PURE-RACE HYBRID (2017)
Artist Statement:
The Pure-Race Hybrid is a commentary on the construction of idealised beauty. The feminine beauty ideal refers to a shifting set of standards that dictate which traits are perceived as most attractive in women—standards that differ across cultures and eras but remain a near-universal pressure. In the West, ideals often include being thin and tall, with long hair, light or tanned skin, large breasts, wide eyes, a small nose, and high cheekbones.
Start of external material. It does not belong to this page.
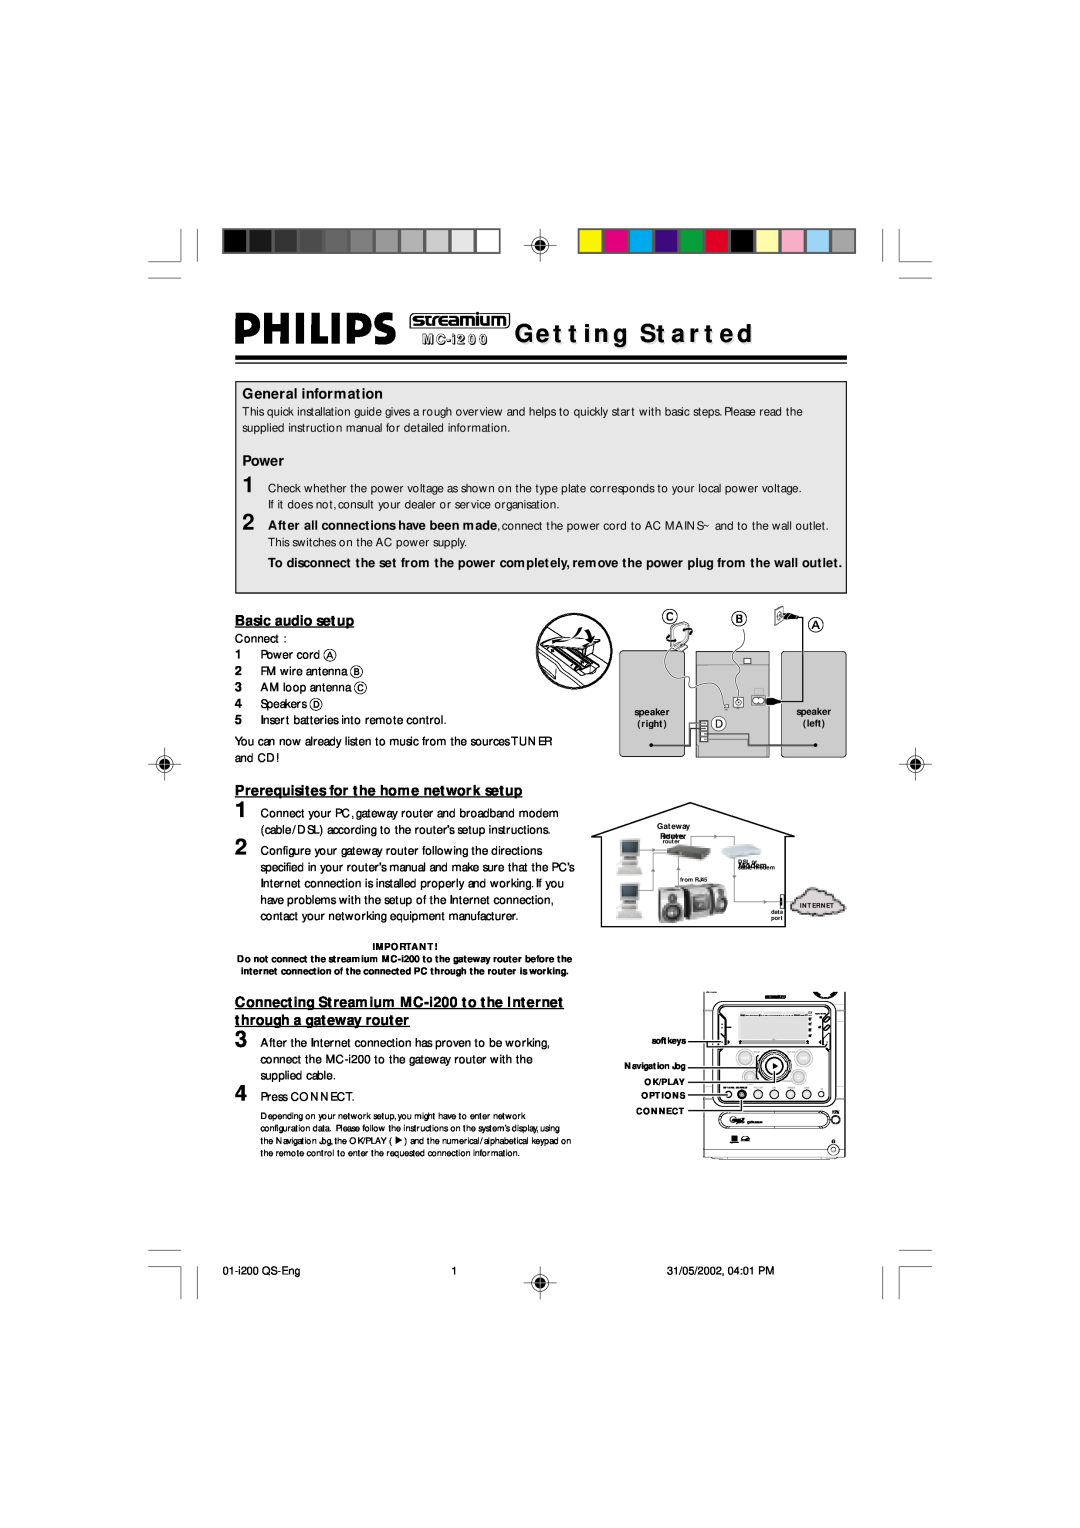 Philips MC-i200 instruction manual General information, Power, Basic audio setup, Prerequisites for the home network setup

This series interrogates these stereotypes by presenting beauty as a rigid “template” embedded in society. Drawing on the Golden Ratio (1.62)—a mathematical symmetry long associated with physical attractiveness—the portraits utilise geometric distortion to create faces that technically meet these standards, yet appear subtly alien.
In doing so, the work highlights the fragility of beauty as a cultural construct: an ever-changing, fickle ideal that women are continually asked to embody. Across history, such standards have been dictated largely by male perspectives, shaping female identity through external expectations rather than lived realities.
The Pure-Race Hybrid seeks to expose the absurdity of these ideals, questioning the persistence of restrictive templates in contemporary society and challenging viewers to reconsider how beauty is defined, imposed, and internalised.